Task instructions: Give an exact copy of the data that follows, but none of its pictures.

Data section:
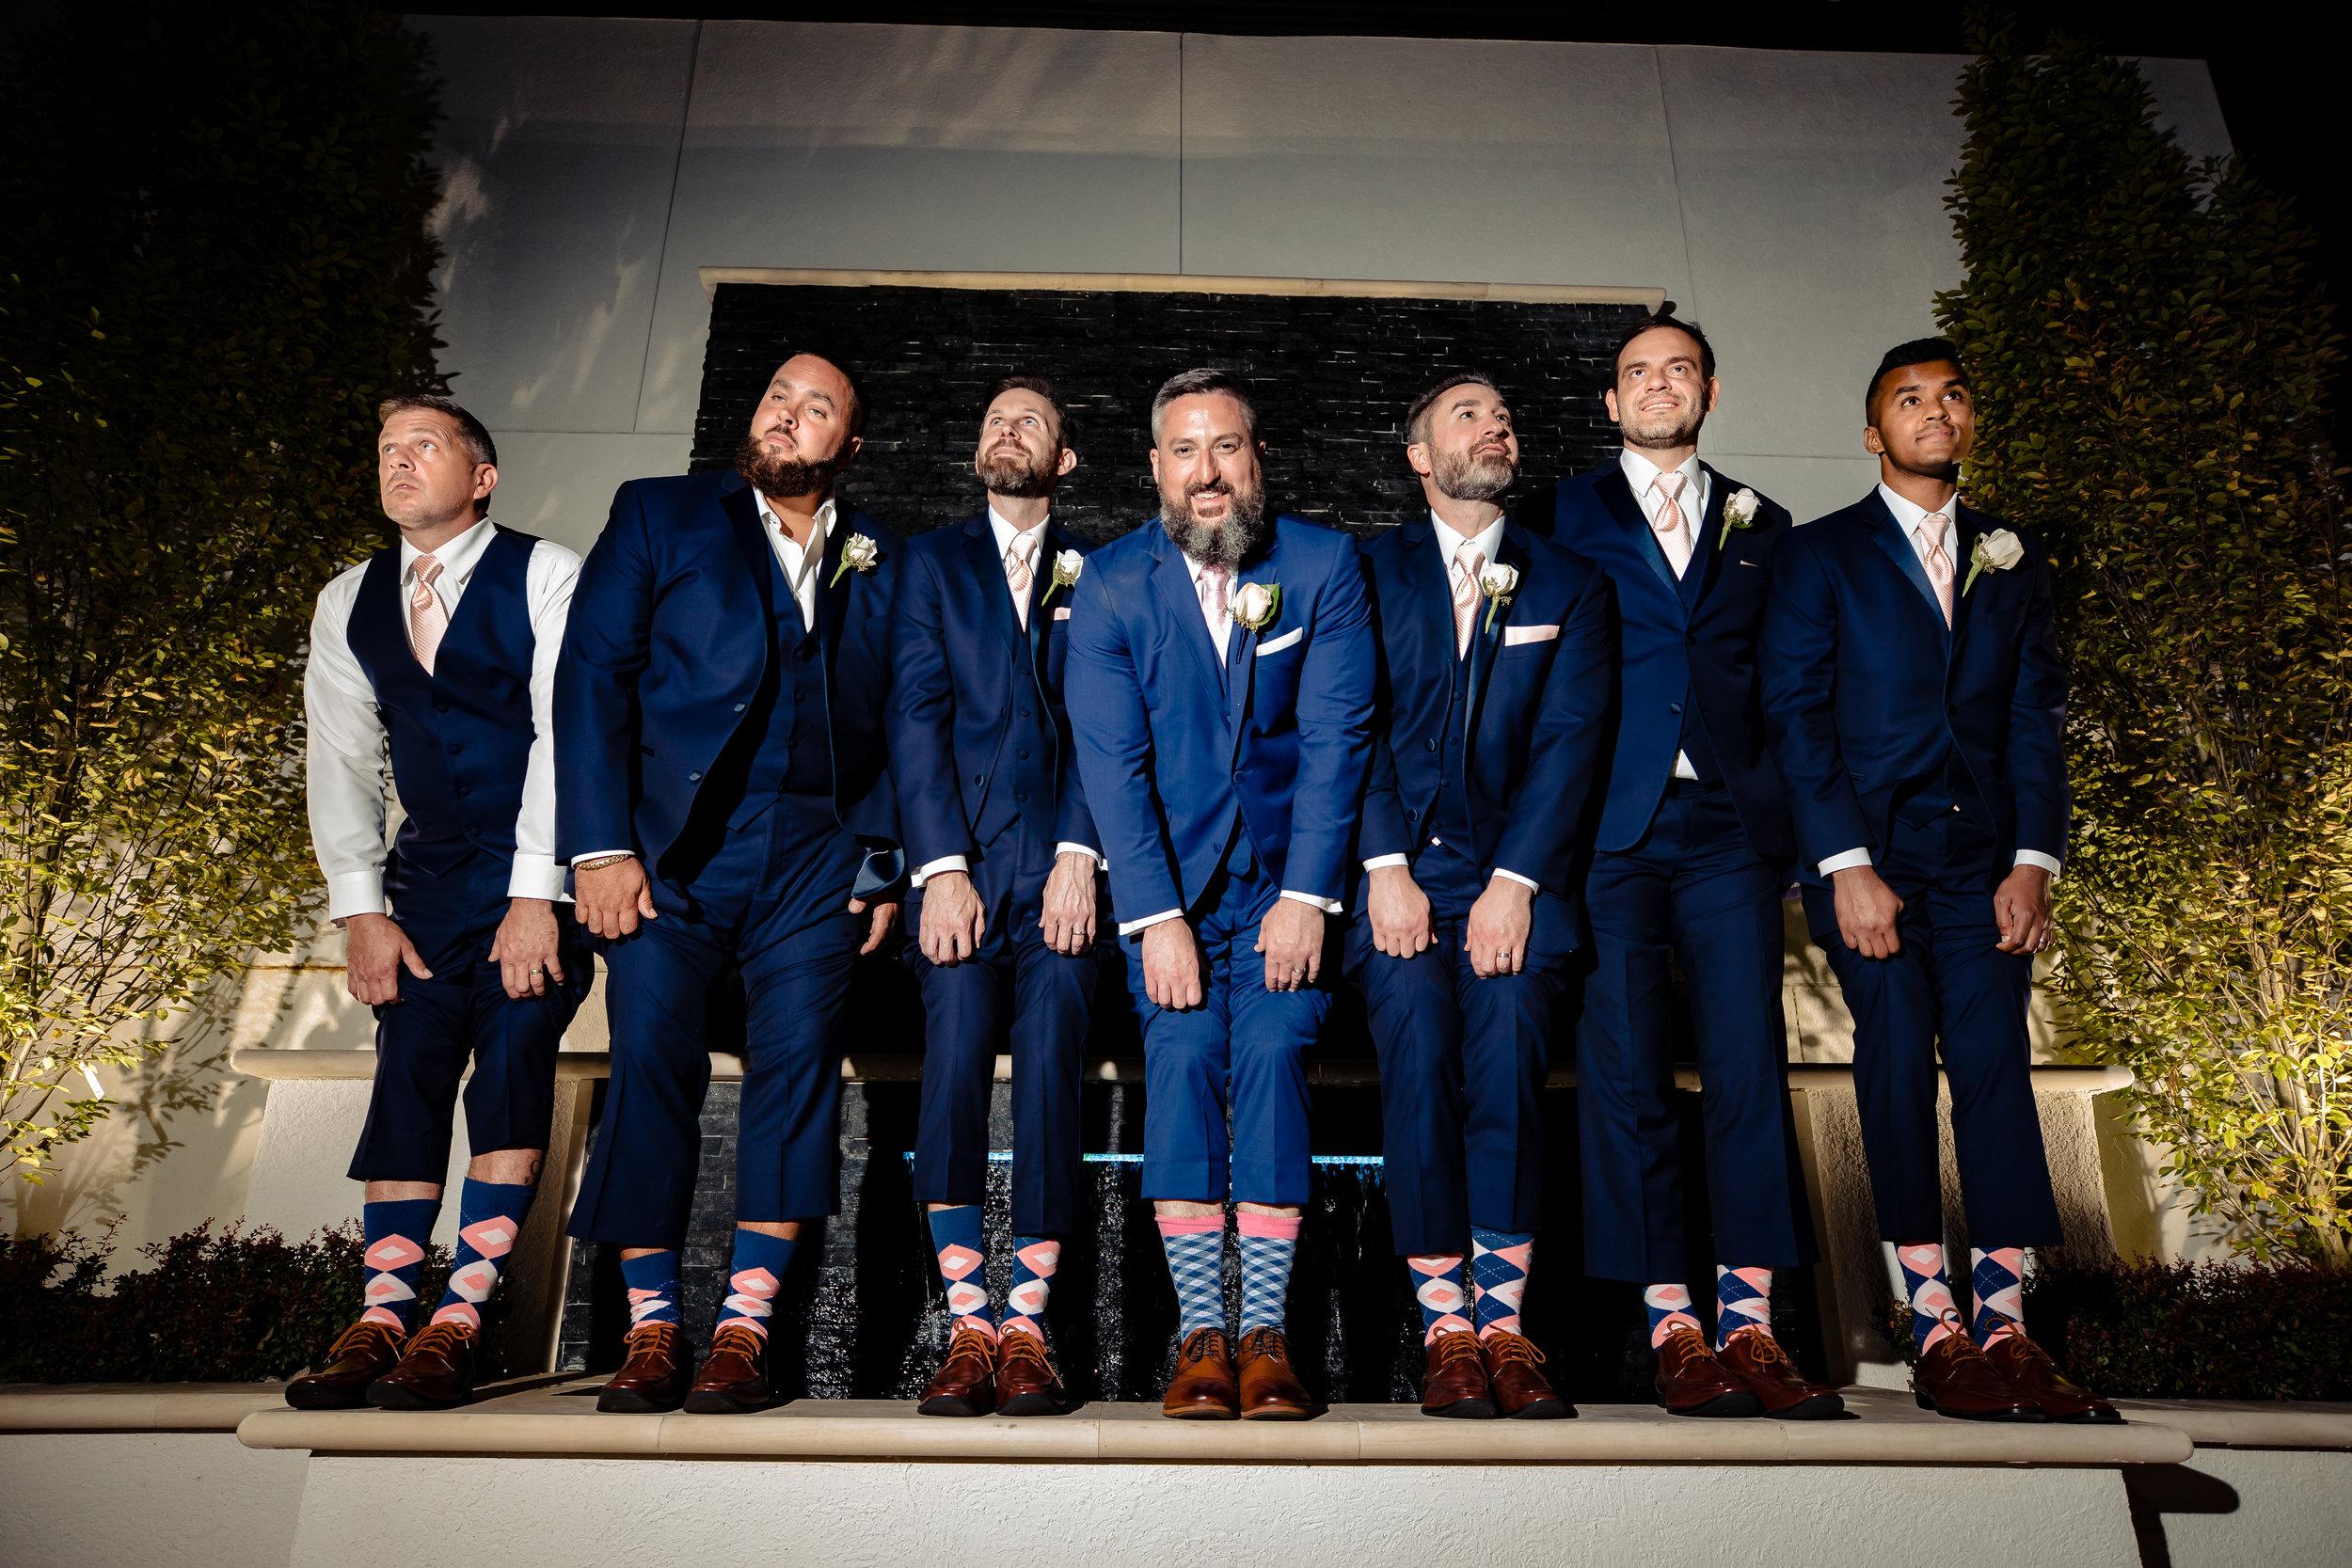 groomsmen lifting their pant legs to show their matching socks
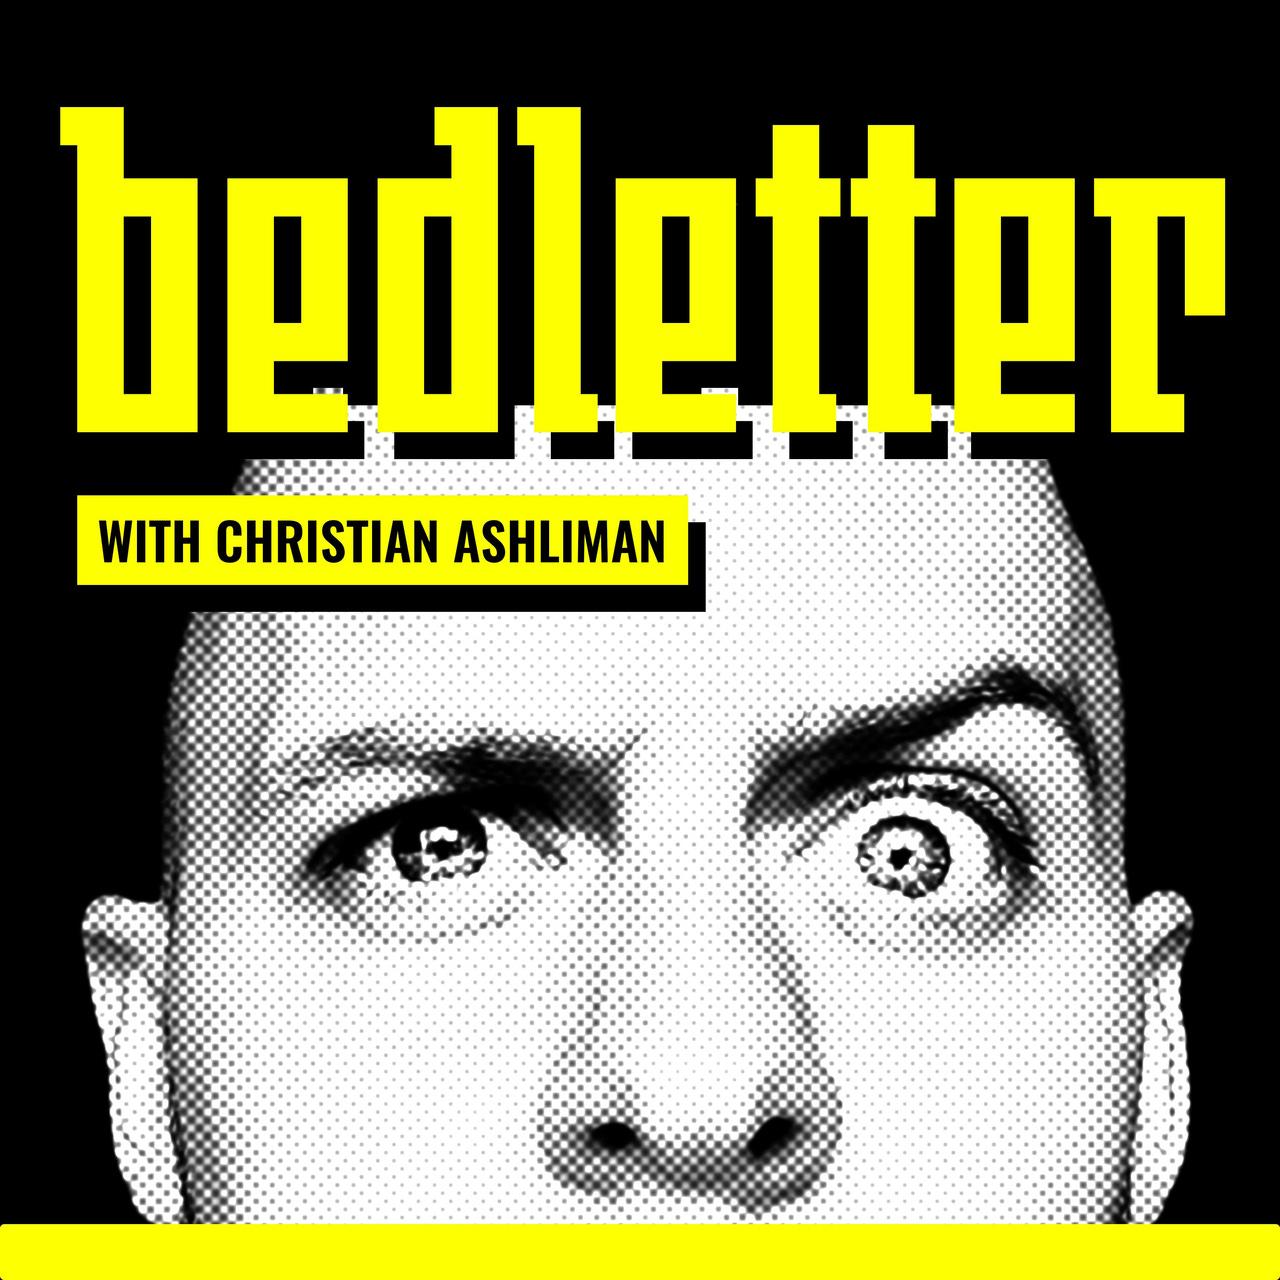 Bedletter with Christian Ashliman
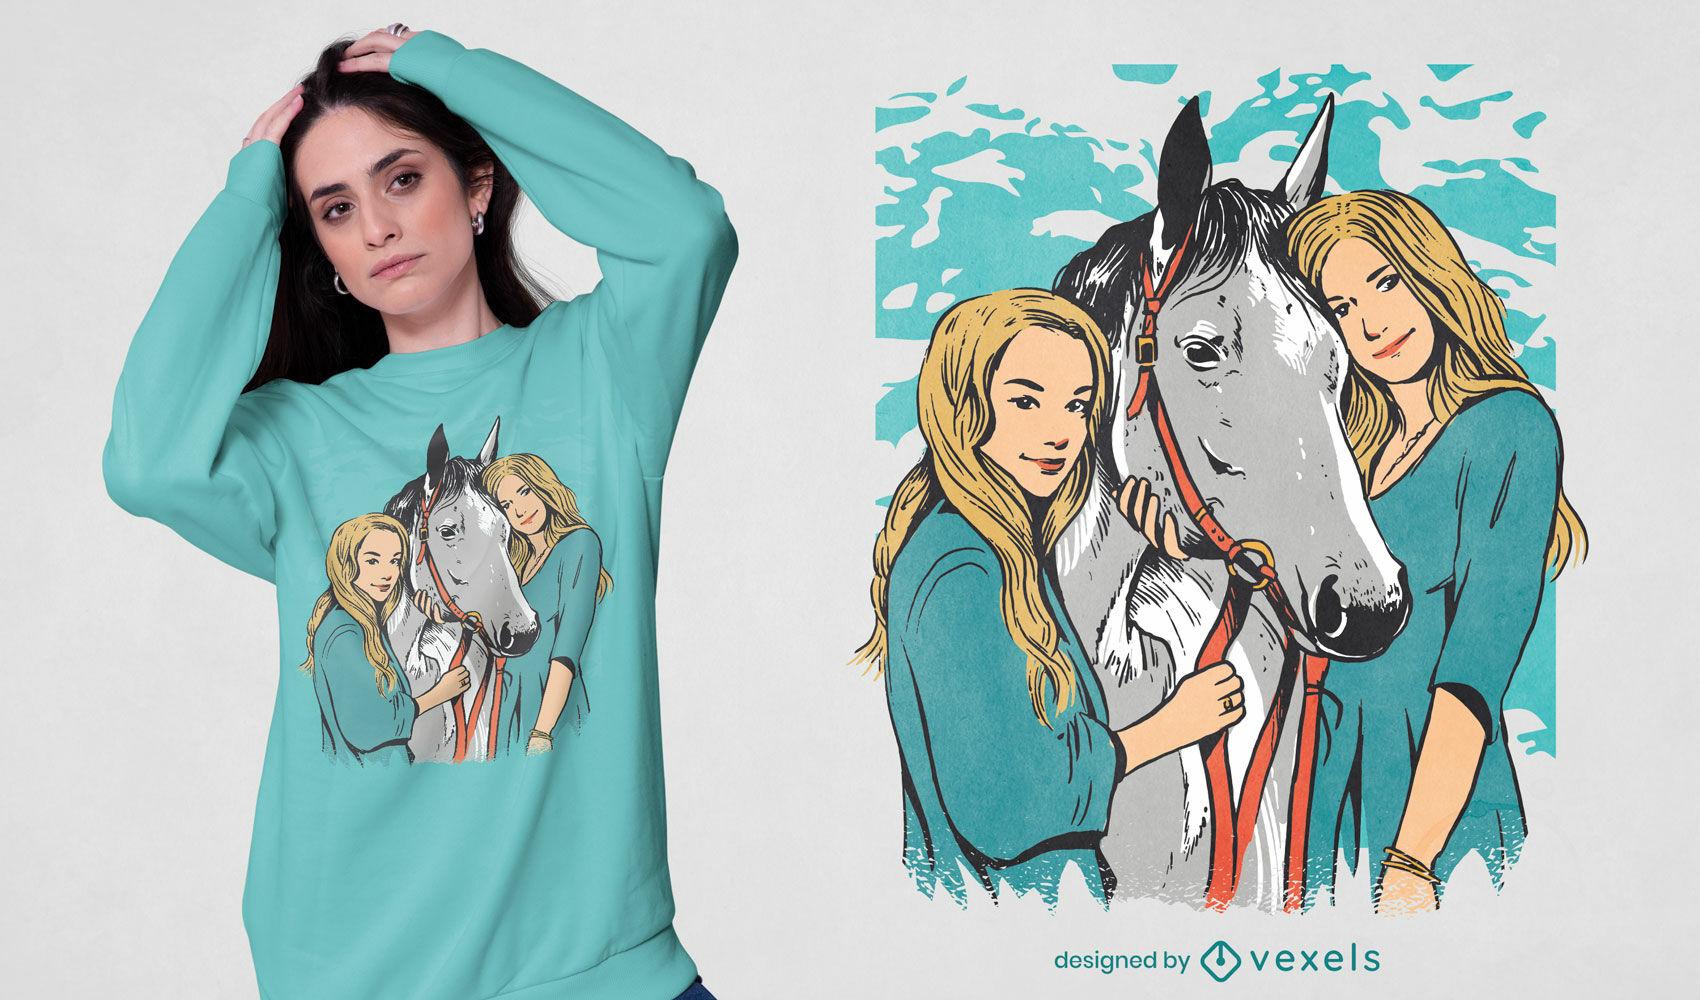 Girls and horse portrait t-shirt design

Answer below:
 groomsmen lifting their pant legs to show their matching socks
 Bedletter with Christian Ashliman
 Girls and horse portrait t-shirt design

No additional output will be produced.